Starting at the line that contains "Spa Breaks - Sounds", copy every line to the end of the material below exactly, and omit the pictures.

Data section ::
---------------

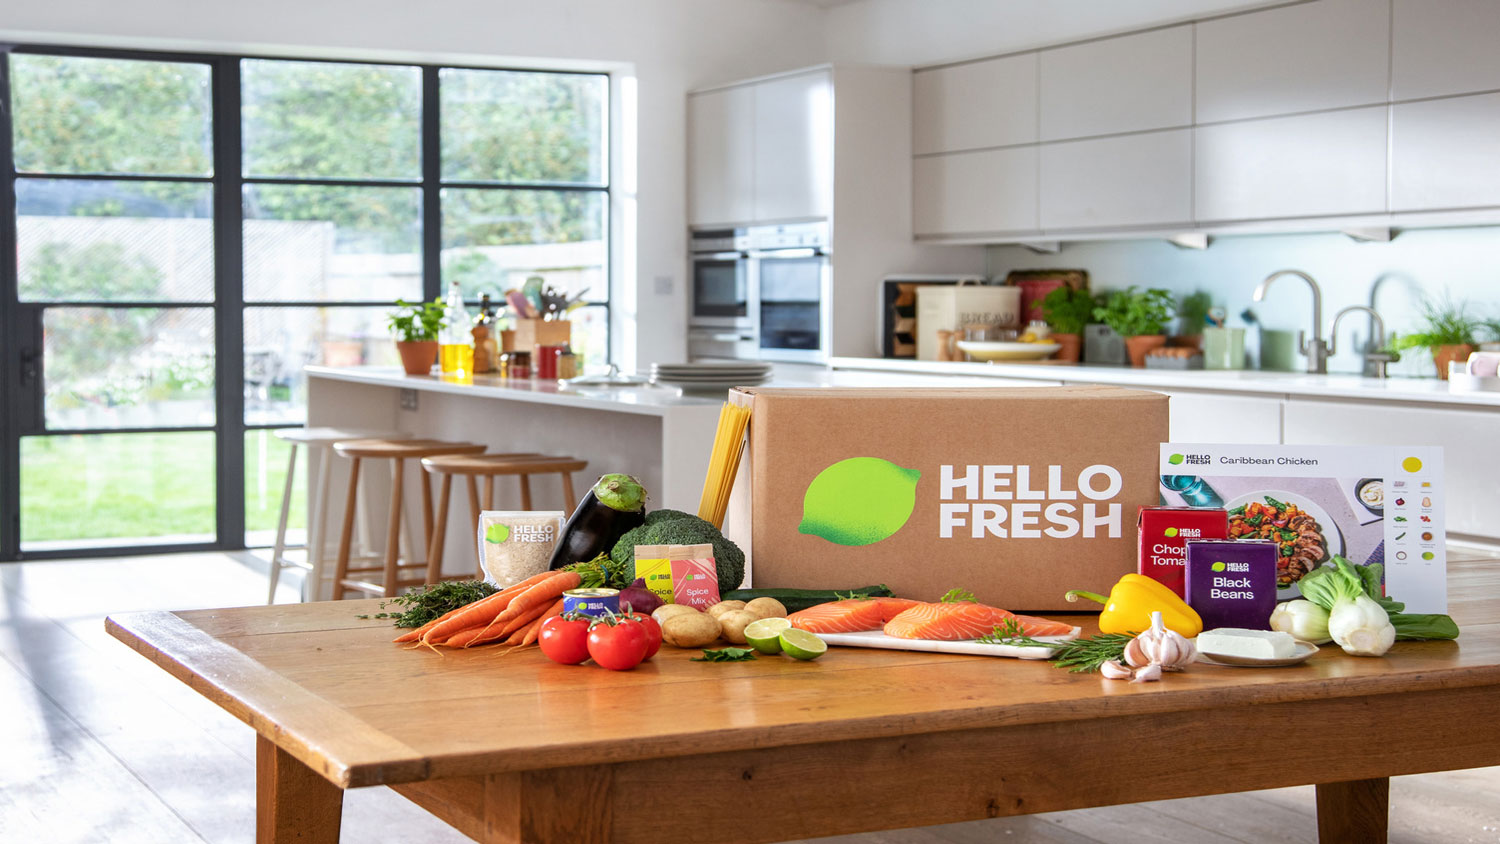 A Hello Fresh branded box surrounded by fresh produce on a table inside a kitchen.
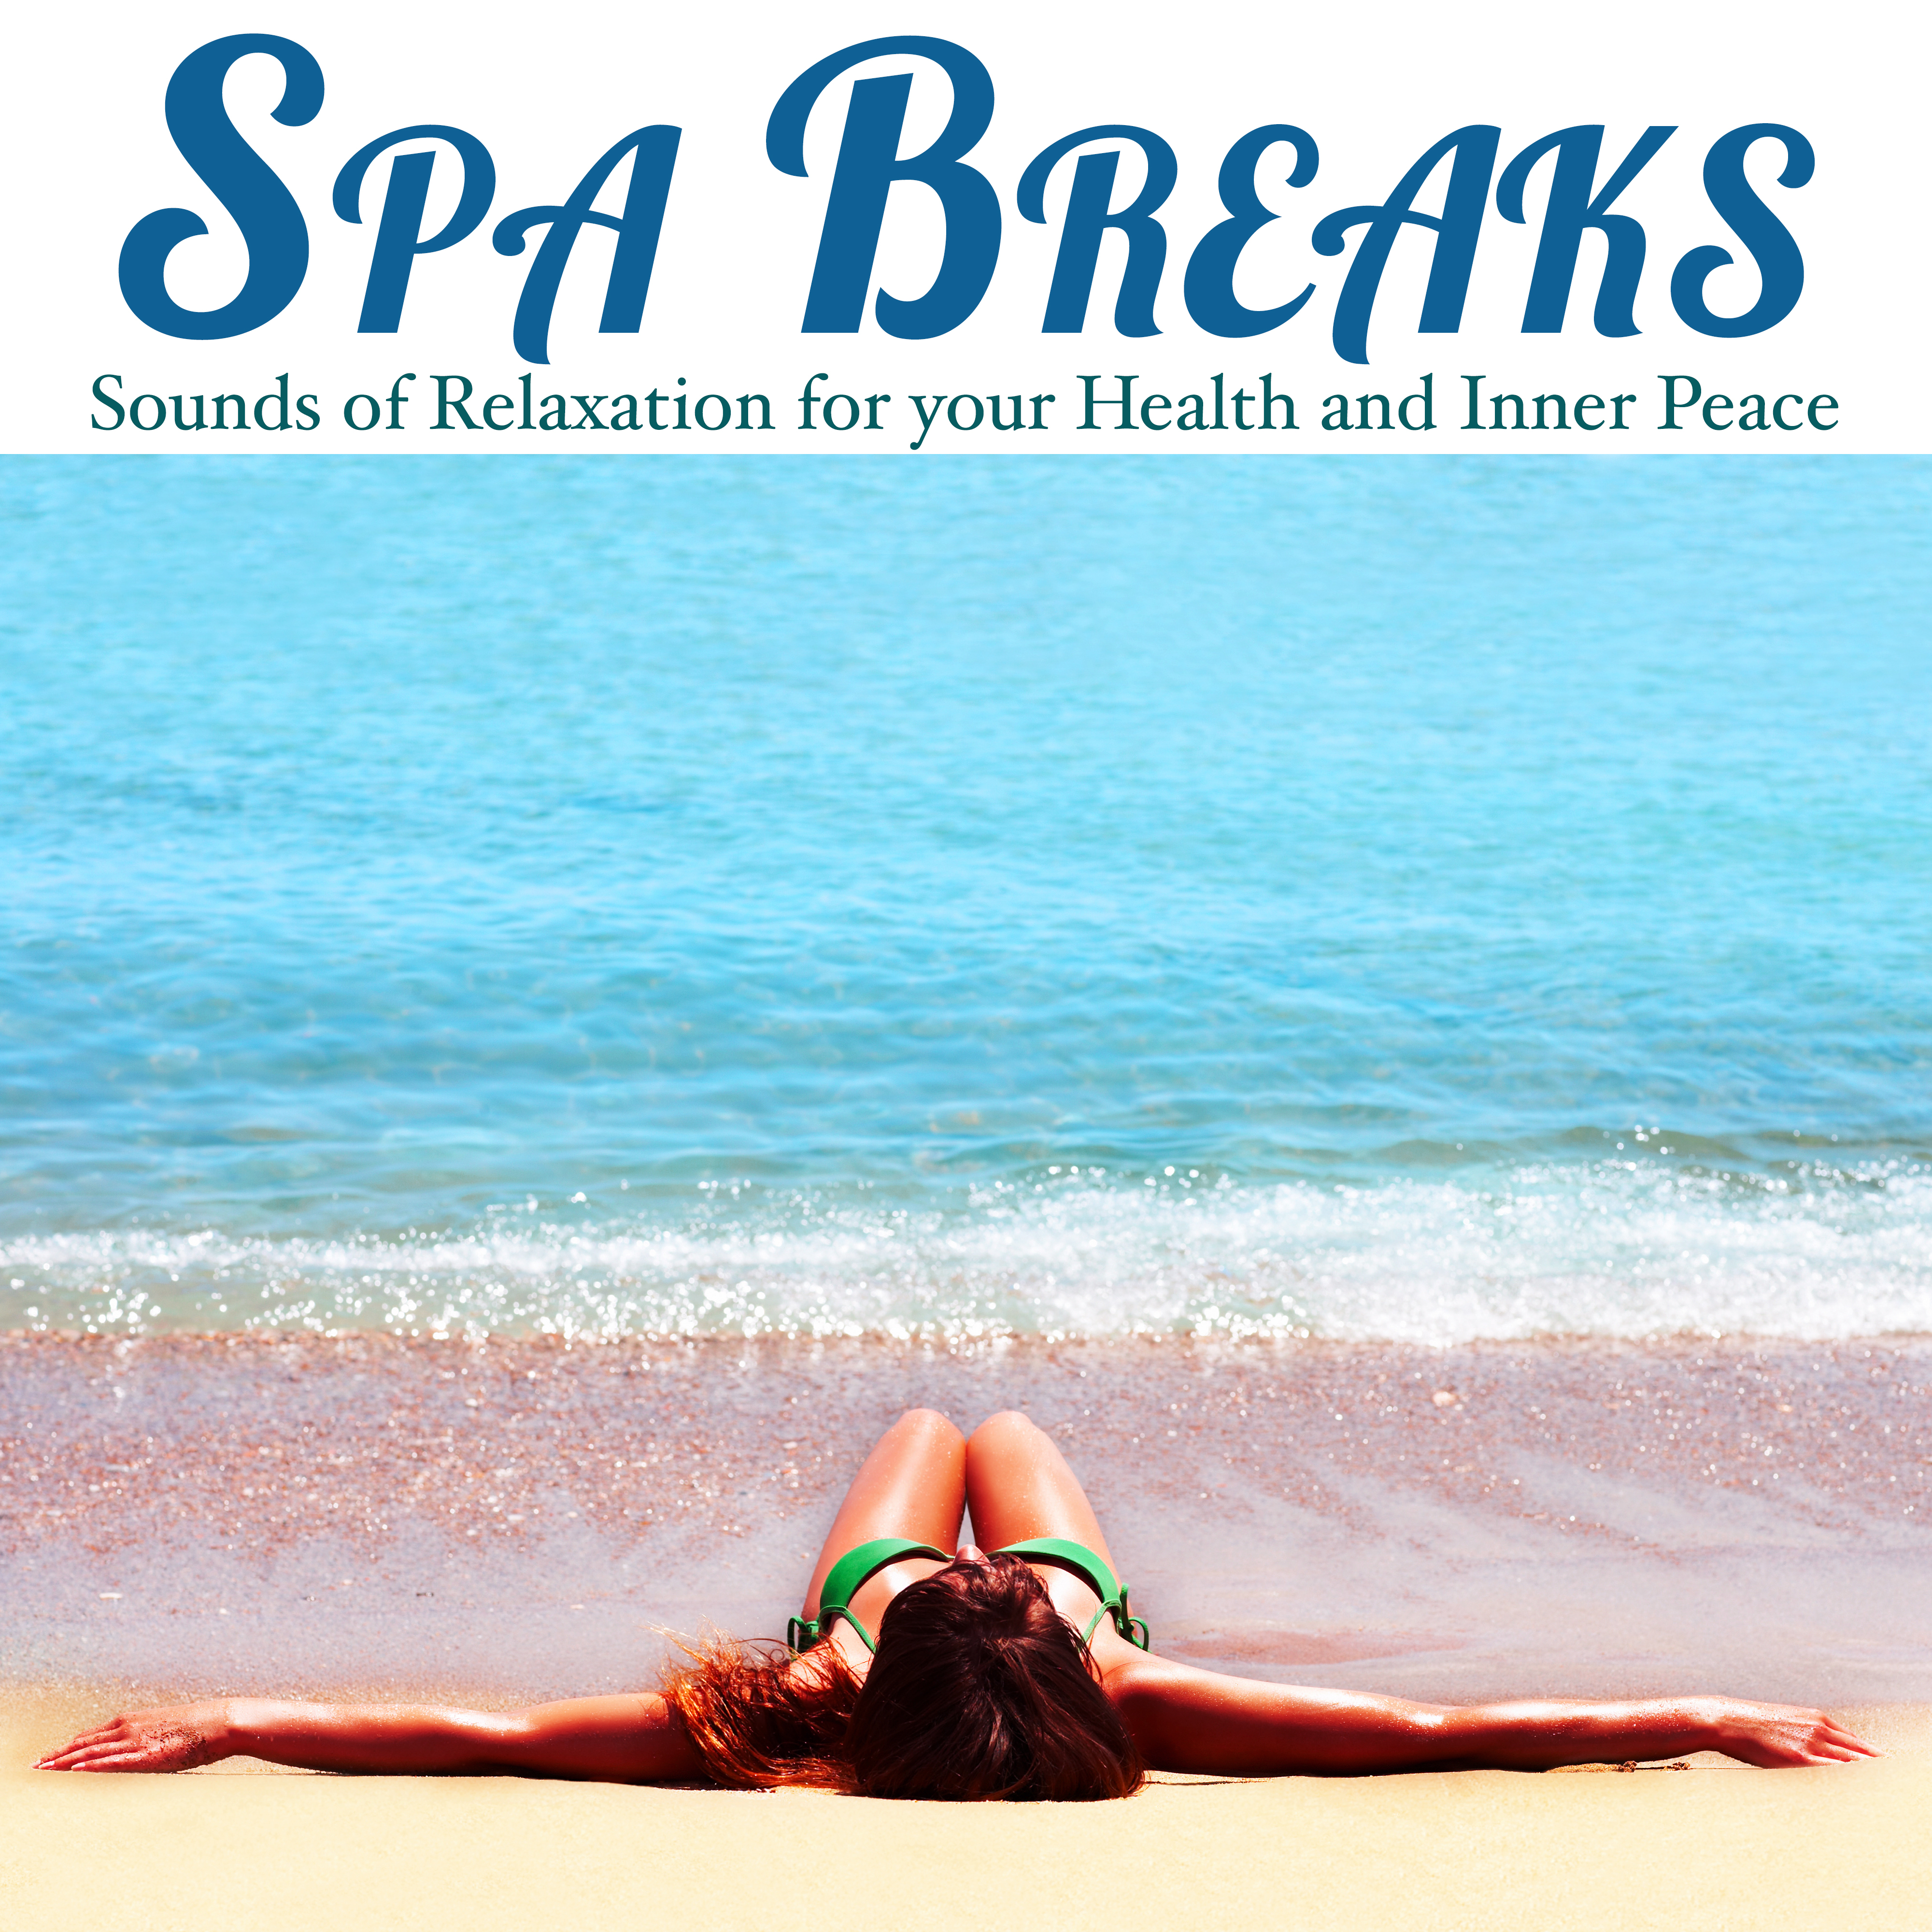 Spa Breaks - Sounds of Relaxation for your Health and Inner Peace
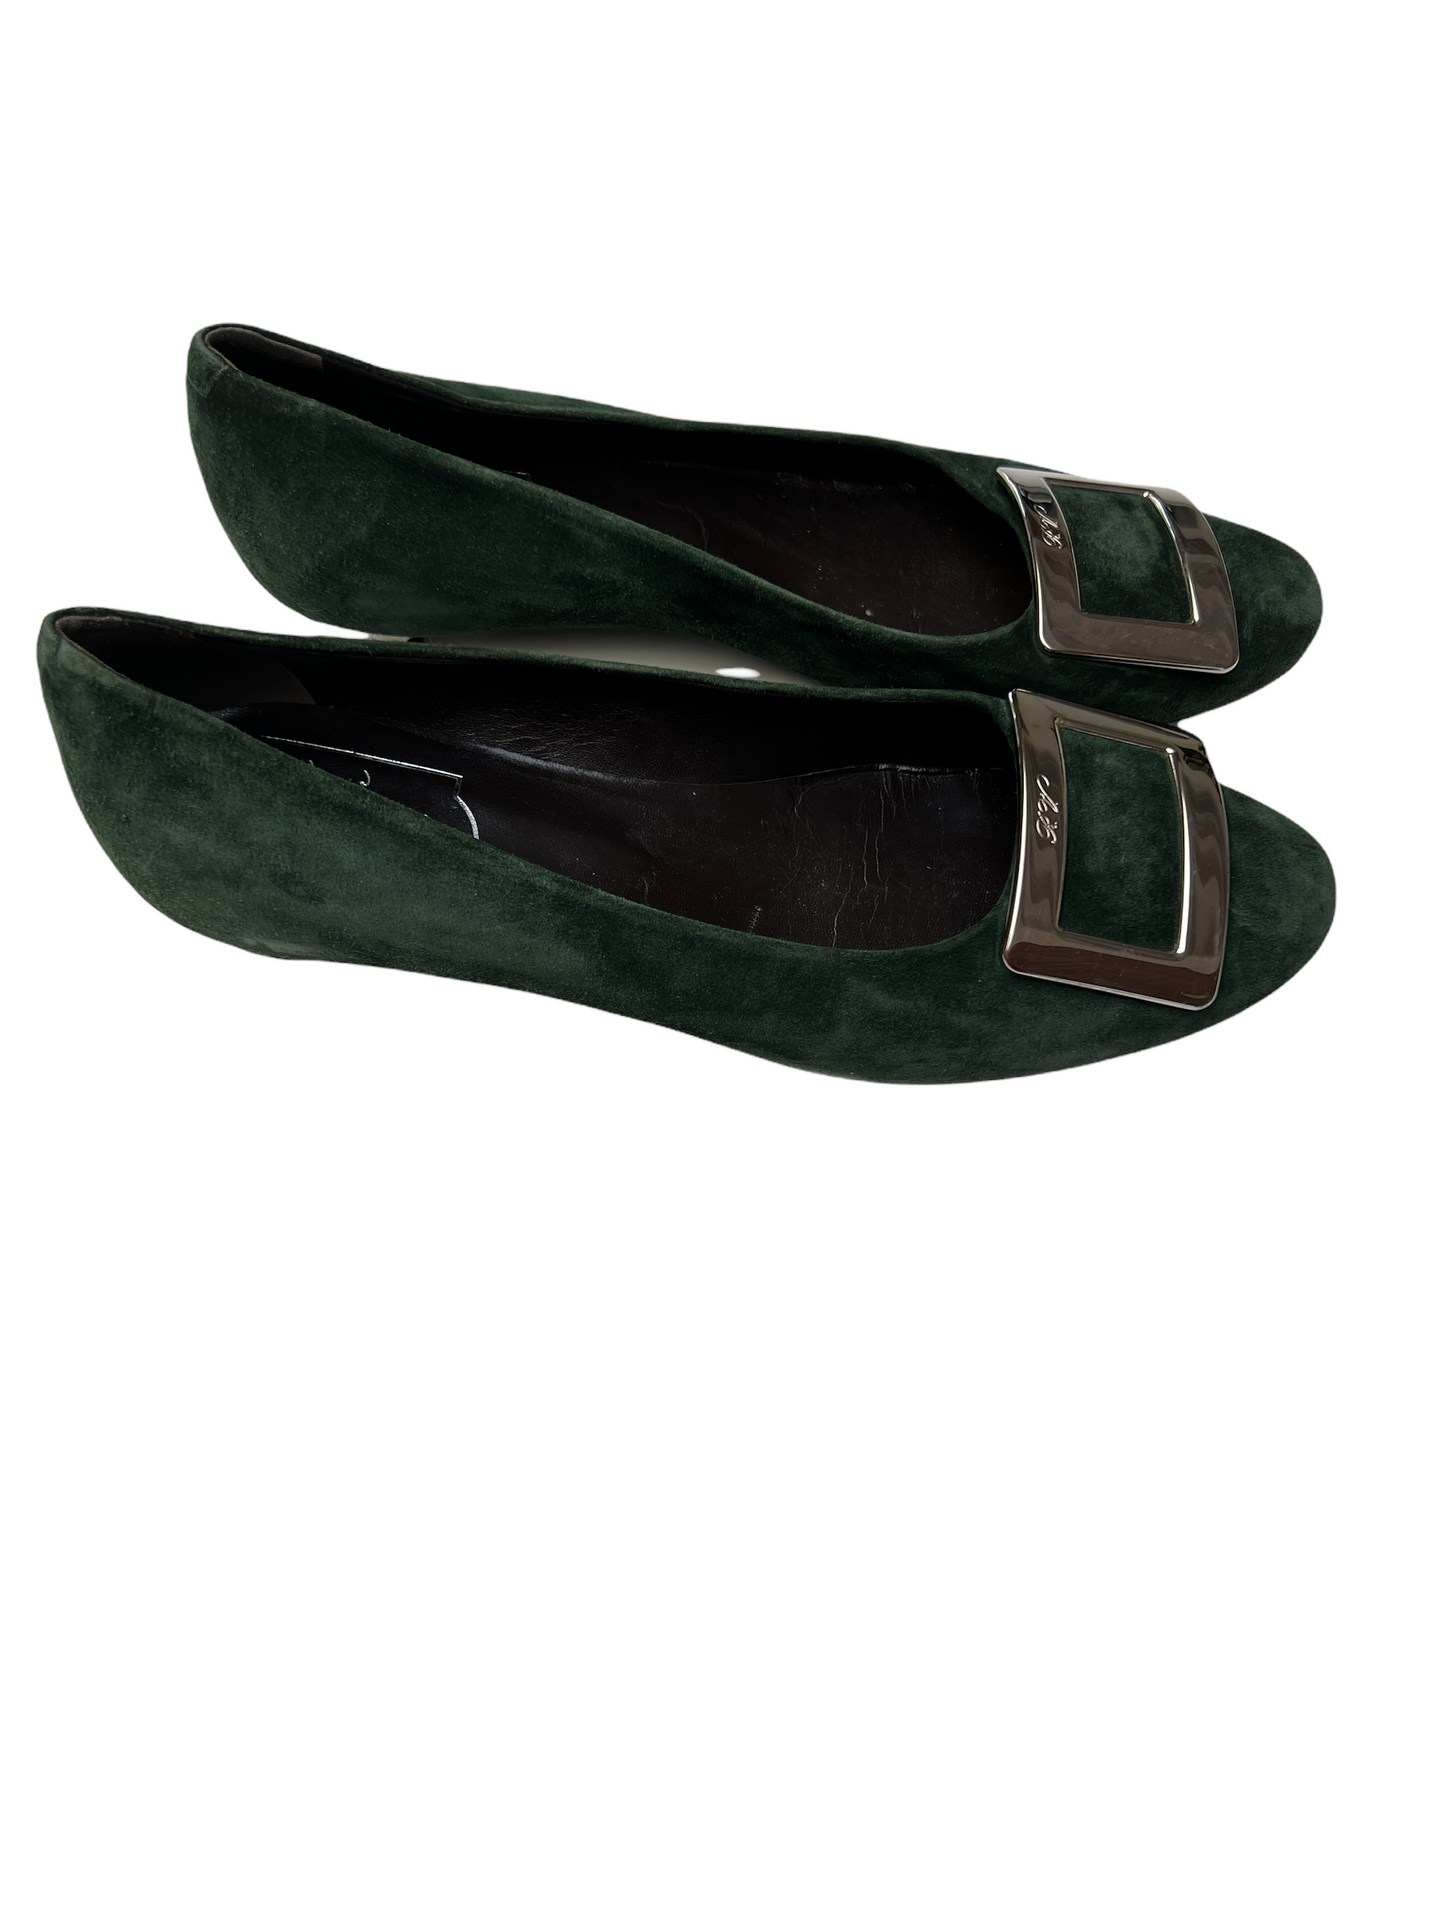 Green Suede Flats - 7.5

---------------

Answer to this problem ::
 Spa Breaks - Sounds of Relaxation for your Health and Inner Peace
 Green Suede Flats - 7.5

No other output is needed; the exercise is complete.